In all cases, the file (whether local or from a streaming source) goes to the RoonCore first, it is processed and then sent to the endpoint/DAC.
When we say processed, it is turned into PCM and any DSP applied. This results in a processed file much much larger than the incoming file, whether local or streaming. One of the reasons why having the core connected via Ethernet is important.
Not quite sure what you asking, but, I do not see any processing difference in my Signal Path for a 24/96 file, from my local drive, from Qobuz, or from Tidal MQA. Using Rock i5 NUC.
Roon’s approach is certainly more demanding of local network bandwidth. It’s one reason Roon users complain of streaming service playback stuttering while their native Qobuz/Tidal apps play without issue.
You’ve got a source and a destination. In the middle is Roon Core.
If your source is a file it is unpacked, sent through any DSP, converted to the destination protocol (Airplay, Chrome Cast, RAAT, etc.) and put on the wire in that direction.
If your source is streaming the only difference is, instead of unpacking a file from disk, it’s unpacking the incoming stream. The rest is the same.
What leaves Roon Core is always the same regardless of source.
I’m investigating using a modified PC to run ROCK, so was interested to know if streaming is similar to local files in terms of workload
I.e. is it worth the faff it’s got 4x LPS!
Anyway, I got it (FrankenPC) running into my KEF LS50W earlier
With my Nucleus on my normal account/iPad and it on a trial account/iPhone it was easy to flick between tracks to compare
Verdict: difficult - one was definitely louder than the other, but the volume did seem to change once or twice
It was sitting on the dining table with a dodgy 20m coil of Cat5 back to a switch - so I moved it all downstairs to be fed from the same clean mains and with a decent Cat6 into the same audio switch as the nucleus - bloody thing refused to start! So I’ve given up until tomorrow…
We do not let the endpoints play the “file”, whether it is on your disk locally or in the cloud from TIDAL. That is a thing UPnP does, and we despise that idea. From the post I just linked, I will copy the relevant parts related to connecting up the file directly with the streamer here:
UPnP requires codec support on the endpoint, therefore making different endpoints support a different subset > - of whats out there. This also puts a burden of patent licensing on the manufacturer.
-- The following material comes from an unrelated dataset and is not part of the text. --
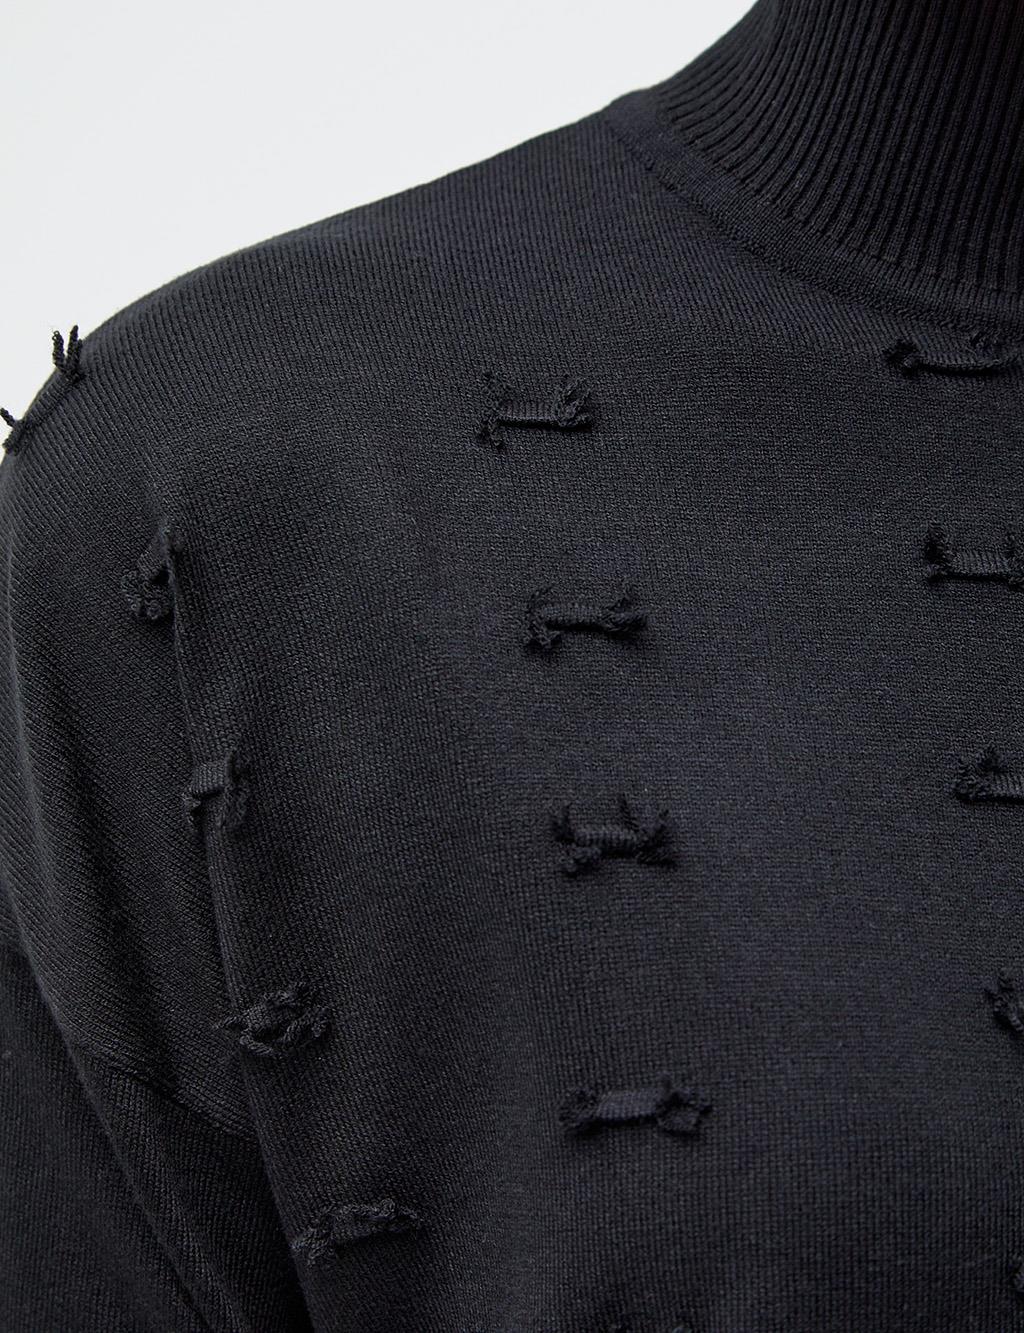 Decorative Tasseled Knitwear Tunic Black

UPnP has no good solution for streaming proprietary/unsupported/new formats
UPnP creates an ecosystem of lowest common denominator support
The Roon Core always transforms/decodes the content from the source, applies any DSP that it was configured to do, and streams a “raw” format like PCM or DSD to the endpoint, supporting whatever limitations it (and Roon) supports (sample rate, format, etc…).